DATASET EXTRACT Start Marker

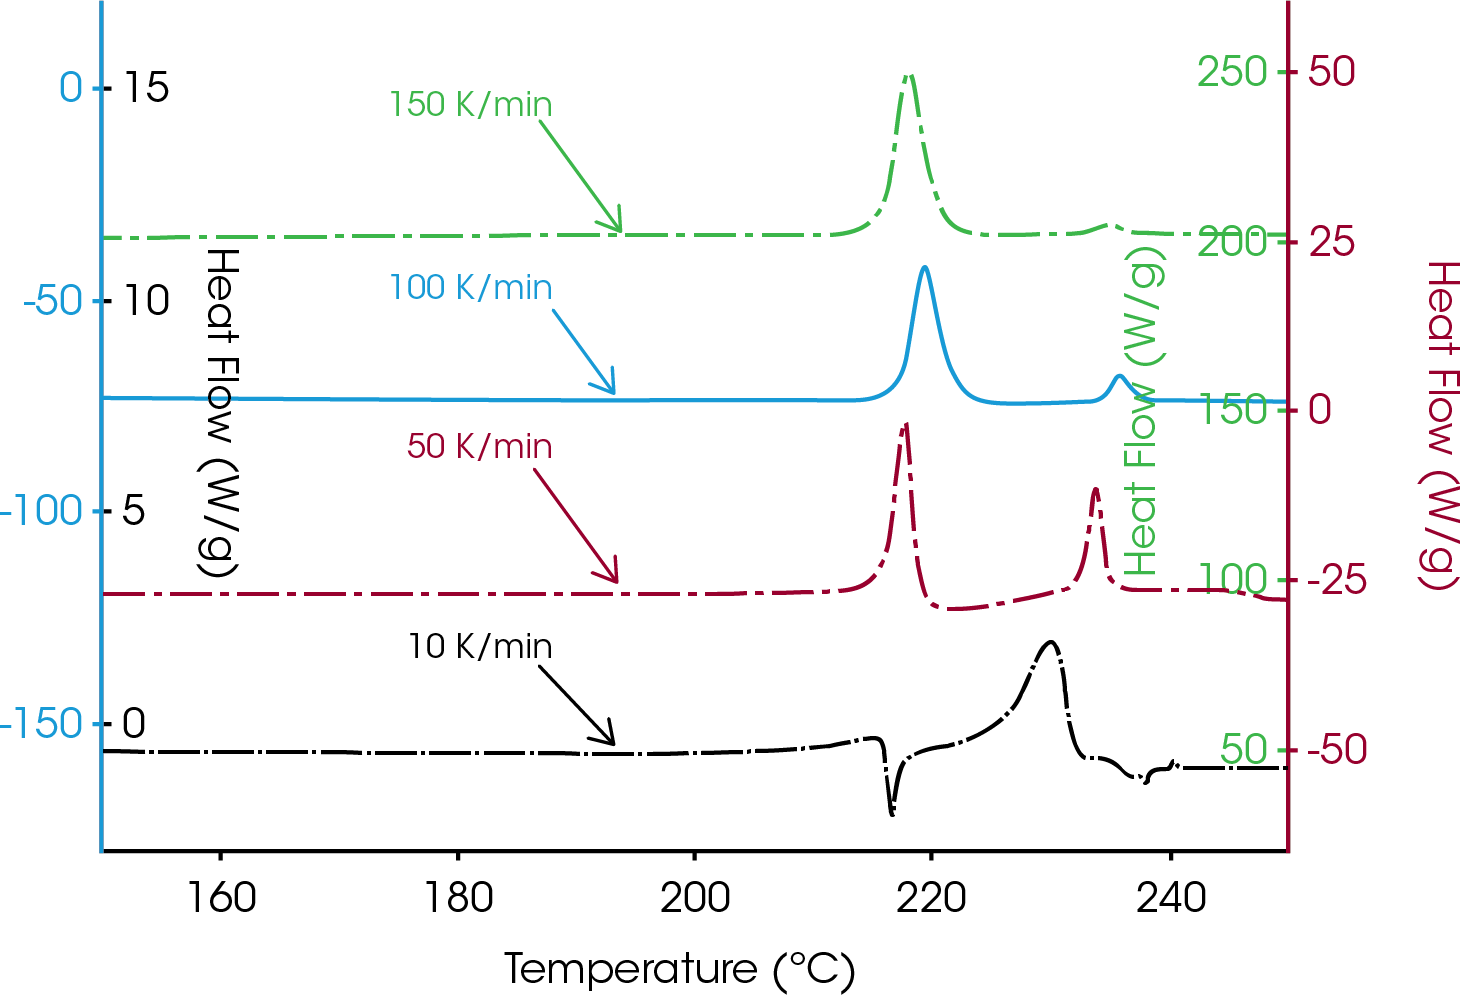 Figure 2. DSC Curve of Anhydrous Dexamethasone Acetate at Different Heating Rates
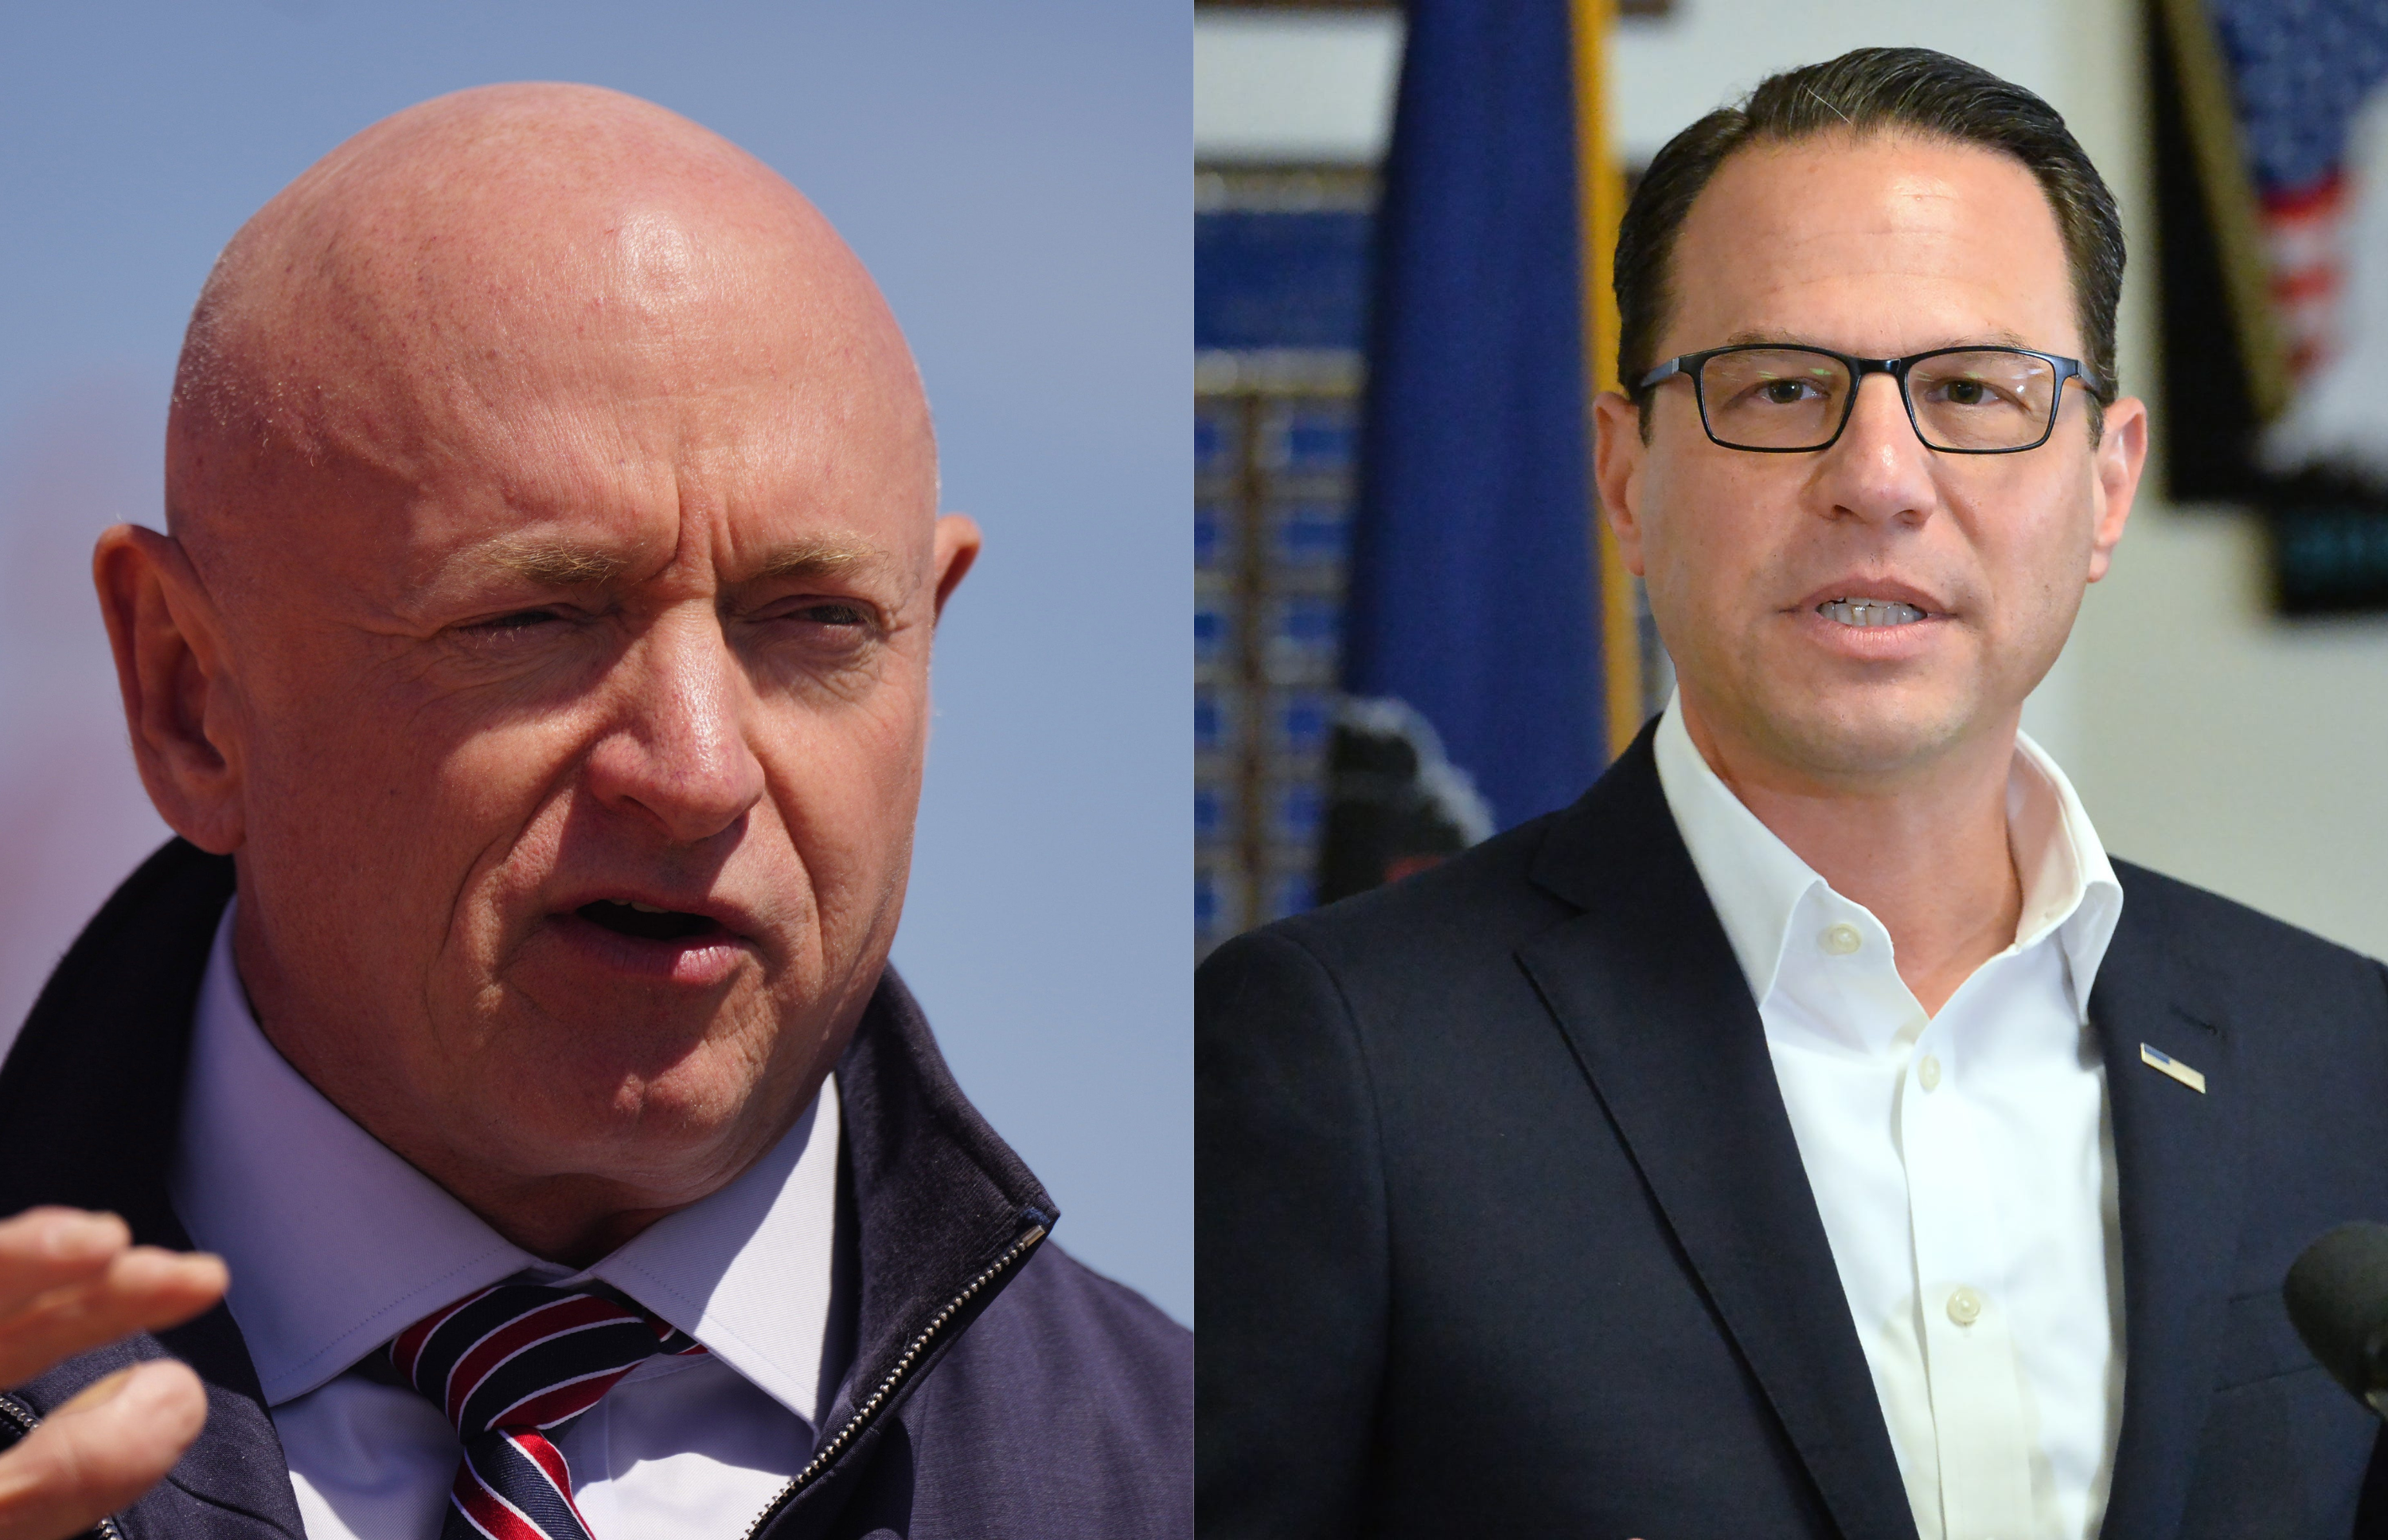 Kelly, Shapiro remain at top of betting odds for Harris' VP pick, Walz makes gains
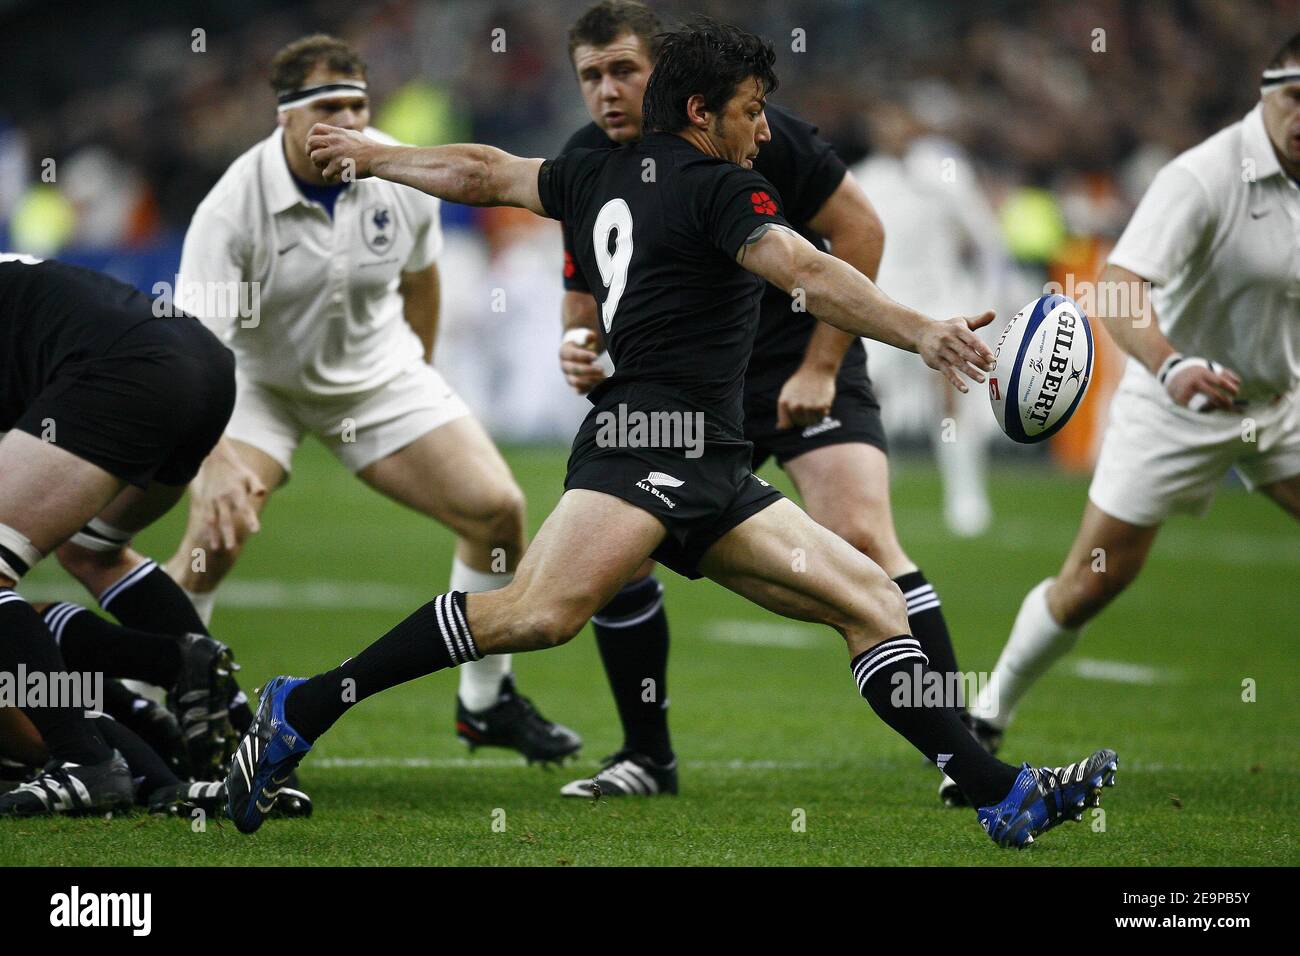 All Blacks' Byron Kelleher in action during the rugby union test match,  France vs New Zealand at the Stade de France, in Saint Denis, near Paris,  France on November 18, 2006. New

DATASET EXTRACT End Marker

WORK TASK: The listing above should be returned word for word, with pictures omitted.

RESPONSE TO THE EXERCISE:
 Figure 2. DSC Curve of Anhydrous Dexamethasone Acetate at Different Heating Rates
 Kelly, Shapiro remain at top of betting odds for Harris' VP pick, Walz makes gains
 All Blacks' Byron Kelleher in action during the rugby union test match,  France vs New Zealand at the Stade de France, in Saint Denis, near Paris,  France on November 18, 2006. New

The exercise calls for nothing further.